Each text group therefore has a region on the final terminal display. So, for example, vim could have a text group for a window, with a hole in it due to a popup. Vim doesn't have to do any complex cropping, it just has to draw the cells of the window with that text group active (e.g. it is no more complex than what vim does to render a window with a window-local background color).
Something like the synchronized update protocol can be used for a particular text group, to define "frames". Smooth scroll is basically an animation property, you set the scroll amount (X and Y offset in cells), a linear speed or even possibly interpolation curve parameters, and then the next synchronized update of this text group from frame A to frame B, the text of frame A is scrolled by X and Y using the speed/curve, and is masked by the text group extent of frame B. Newly appearing text is scrolled in from frame B. (e.g. if a rectangle region is scrolled up one line, only frame A has the bottom line, and only frame B has the top line, so the animation needs to get text from both frames.)
The effect is a smooth, properly masked scroll, which allows arbitrary scroll region geometry (including non-rectangular regions and blocked areas like from vim and multiplexer popups). You can also trivially switch vim or multiplexer tab mid-scroll with no artifacts. You can even have multiple smooth scrolls visible at the same time, such as from a compilation log visible in a neovim terminal while you are scrolling a source file.

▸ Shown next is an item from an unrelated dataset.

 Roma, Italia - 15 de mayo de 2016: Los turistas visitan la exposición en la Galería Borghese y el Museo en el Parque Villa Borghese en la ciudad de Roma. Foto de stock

It is assumed that the text in frame A and frame B is consistent with being a scroll of the given amount. If it isn't, then the animation will scroll and then change text, which is fine. It is "undefined behaviour" and may use the text from either frame A or frame B at their intersection.
Summary
Protocol additions
if you want multiple text-group-using TUI programs to not clash.
Possible caveats
Note that the smooth-scroll experience depends on the TUI app calculating its own frame time-stamps and setting the interpolation speed or curve accordingly. It may be required to allow partial scroll to feel nicer, e.g. if you want an IDE-like experience using the trackpad to browse a file. In that case this can be done by adding a stop parameter which adjusts the animation curve to stop midway.

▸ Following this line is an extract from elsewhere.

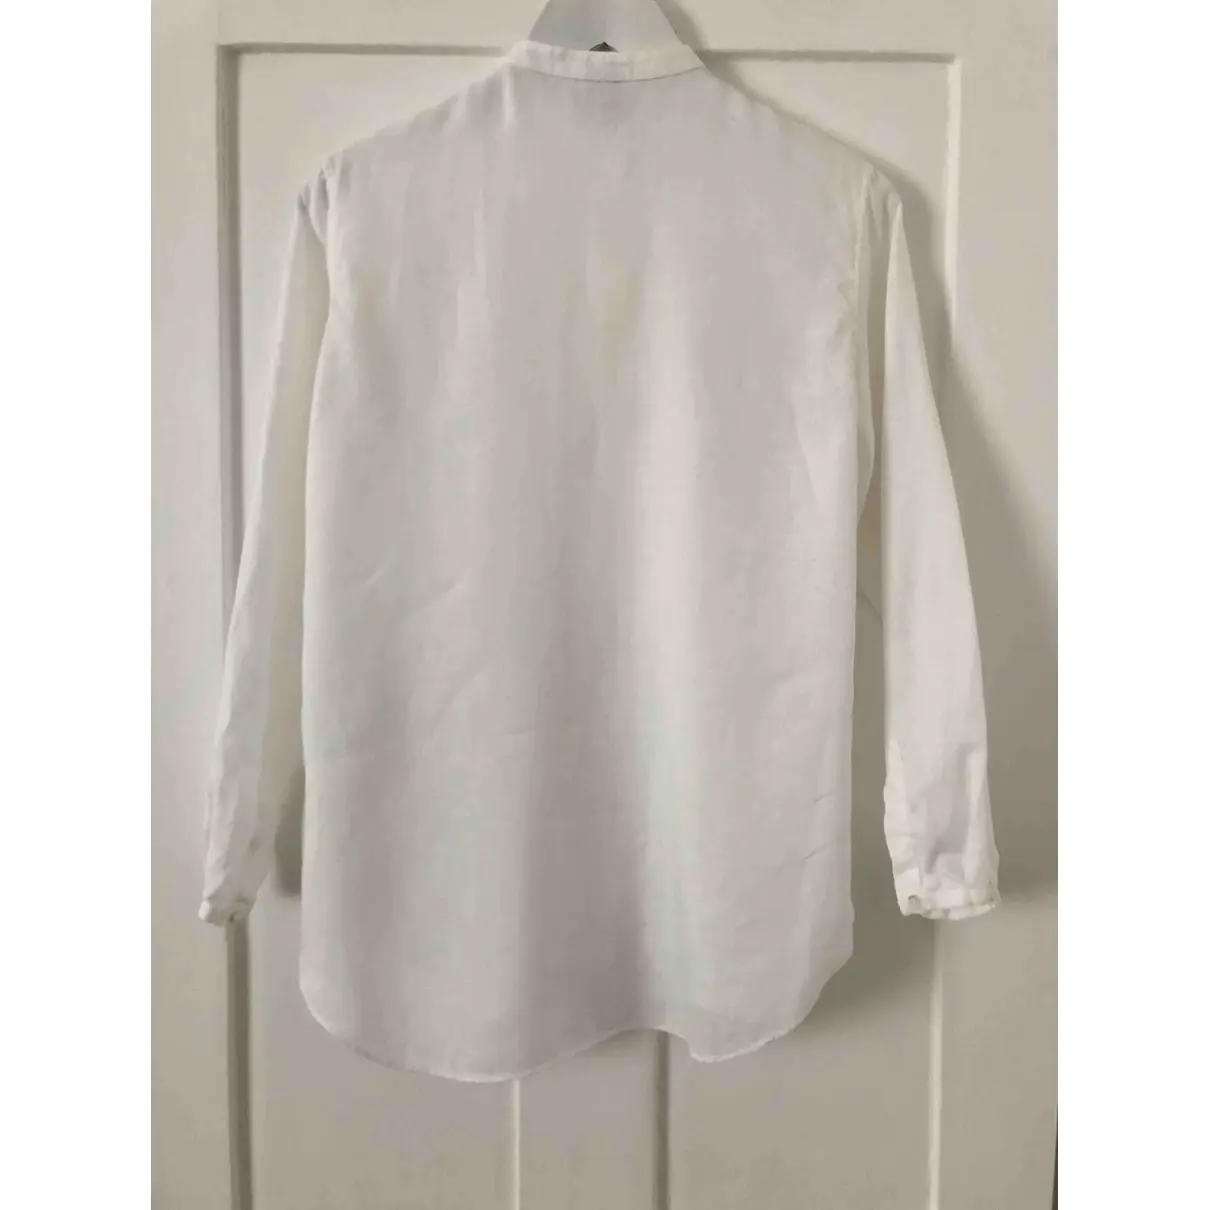 Buy Aspesi Linen blouse online

Additional use-case for text groups
This is a heavy feature to add just for pixel scrolling, but there are other possible use cases.
Image cropping
I think this is the ideal solution to proper image cropping in TUI programs. Unicode placeholders are nice because they automatically allow cropping to a region of text, including proper cropping of popups. But they don't allow images with arbitrary locations without some trickery, and don't allow images over/under text. A new solution is to add a new image property, a "text group mask", which is a list of text groups. The image is only rendered on cells of those text groups. So, you can have an image in a neovim window which easily crops properly with neovim popups, scrolls properly inside neovim, scrolls properly with kitty scrollback, and also with multiplexer tab switches and tmux popups.
Multiple fonts
Set a (assumed metric-compatible) font per text group. Set dynamically with kitty @. Further, could even do this for colors, or even cursor appearance. Totally unnecessary but cool and made possible with text groups.